July 21, 2011) (holding that affirmative defenses are not subject to the heightened pleading standards of Twombly and Iqbal, but rather they are subject to a notice pleading standard); Hansen v. ABC Liquors, Inc., No. 3:09-cv-966-J-34MCR, 2009 WL 3790447, at *1 (M.D. Fla. Nov. 9, 2009) (“Although Rule 8 does not obligate a defendant to set forth detailed factual allegations, a defendant must give the

plaintiff ‘fair notice’ of the nature of the defense and the grounds upon which it rests.”). However, “despite liberal pleading requirements, where an affirmative defense is no more than ‘bare bones conclusory allegations, [it] must be stricken.’” Romero v. S. Waste Sys., LLC, 619 F. Supp. 2d 1356, 1358 (S.D. Fla. 2009)

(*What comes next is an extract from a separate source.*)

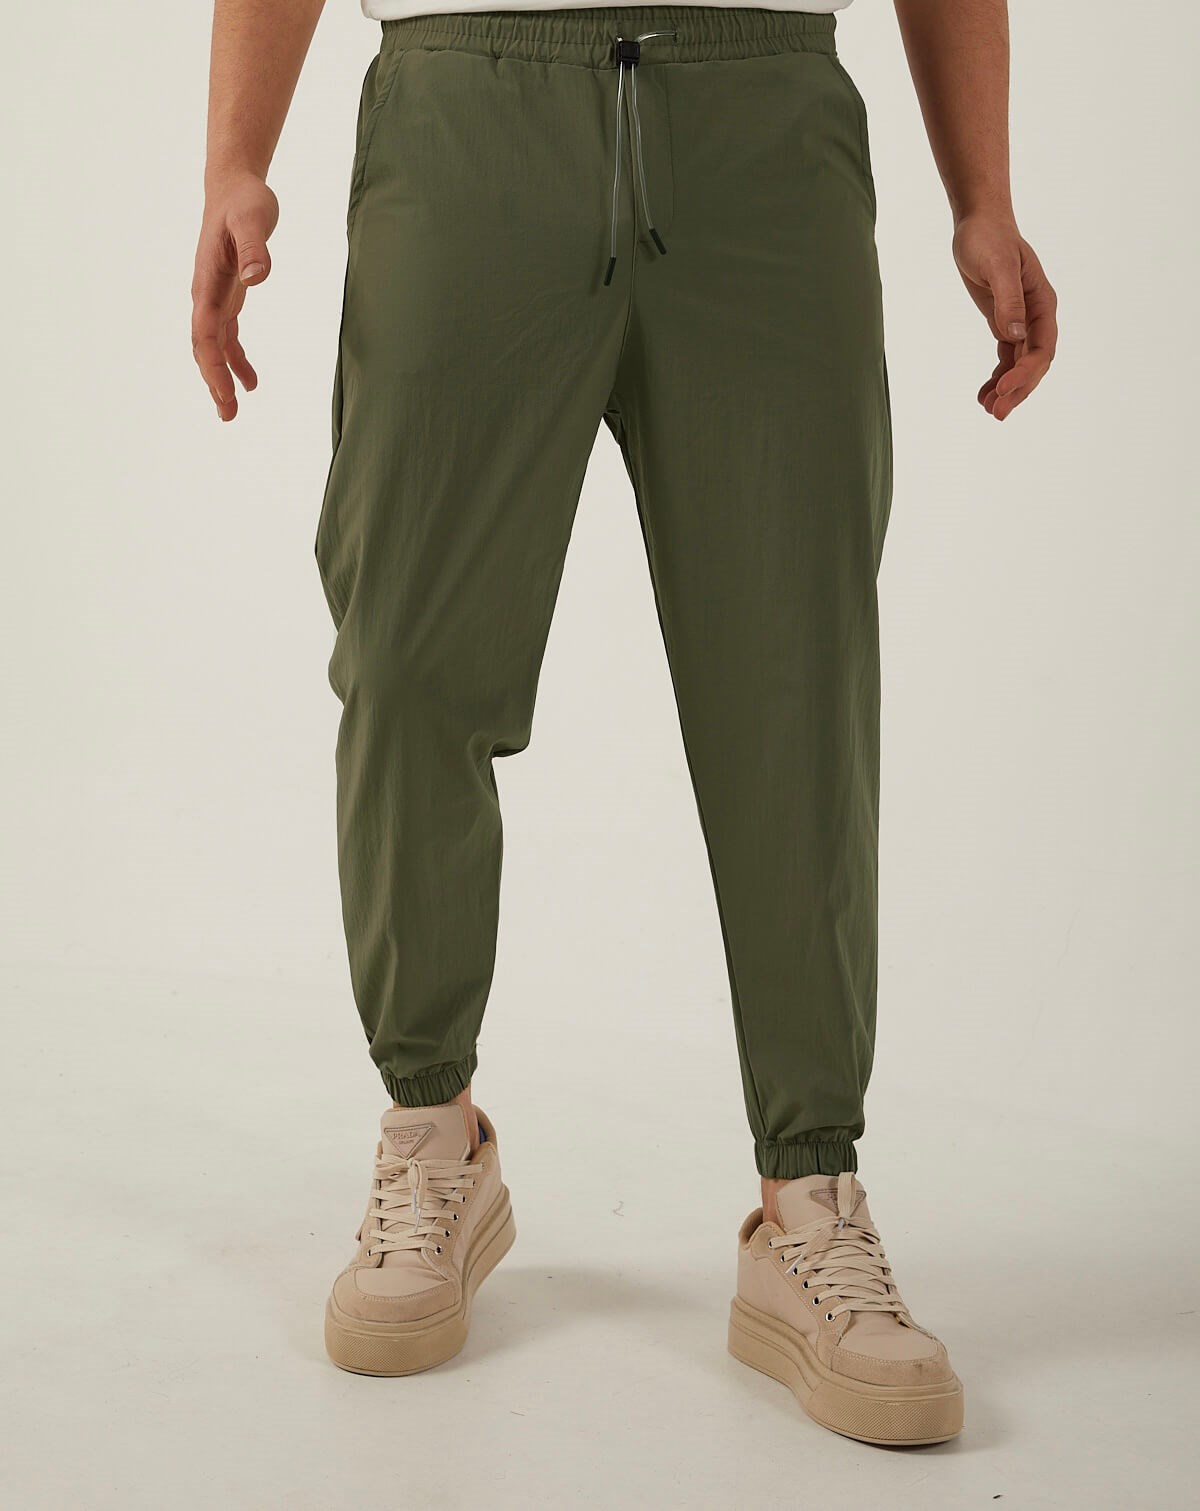 Koyu Yeşil Renk Paraşüt Kumaş Jogger Erkek Pantolon - Pobudo.com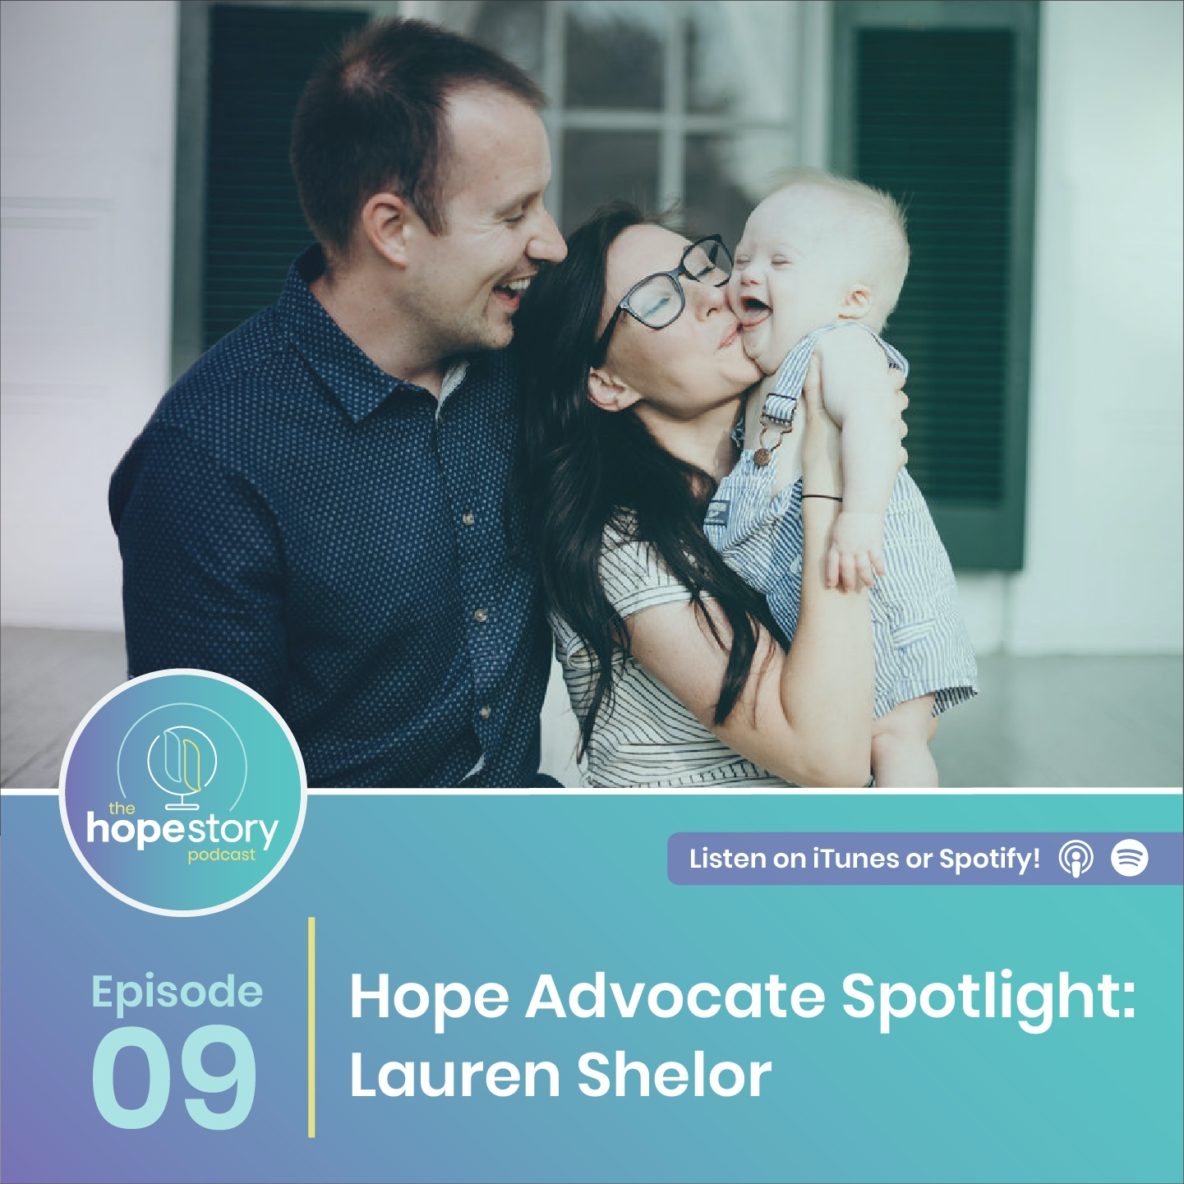 Lauren shelor hope story podcast down syndrome

(internal citations omitted). Boilerplate affirmative defenses that have no factual connection to the case obviously should not be alleged. 4 Therefore, the parties will be ordered to confer, and Plaintiff may subsequently file a new motion consistent with this Order, if necessary.‘ Accordingly, it is ORDERED: 1. The Motion (Doc. 6) is STRICKEN without prejudice to Plaintiff filing a new motion, if necessary, and only after the attorneys have adequately conferred in person or by extended video or telephone conference as to each affirmative defense in dispute. The 3.01(g)(2) certificate on any future such motion must identify the date and length of the conference(s), the participants thereto, and the means by which the conference(s) occurred. Any such motion must be filed on or before April 20, 2023. 2. The parties must file their case management report on or before April 27, 2023. The uniform case management report form is on the Court’s website under the tab for Judge Corrigan. DONE AND ORDERED in Jacksonville, Florida, on March 30, 2023.

jor B. TOOMEY United States Magistrate Judge Copies to: Counsel of Record

1 For additional guidance on how the undersigned is likely to rule on a similar motion, see, e.g., Opulent Treasures, Inc. v. Ya Ya Logistics, Inc., et al., No. 3:22-cv-921- TJC-JBT (M.D. Fla. Dec. 20, 2022) (Doc. 41) and United States, et al. v. Smart Pharmacy, Inc., et al., No. 3:14-cv-1453-BJD-JBT (M.D. Fla. Feb. 3, 2021) (Doc. 128).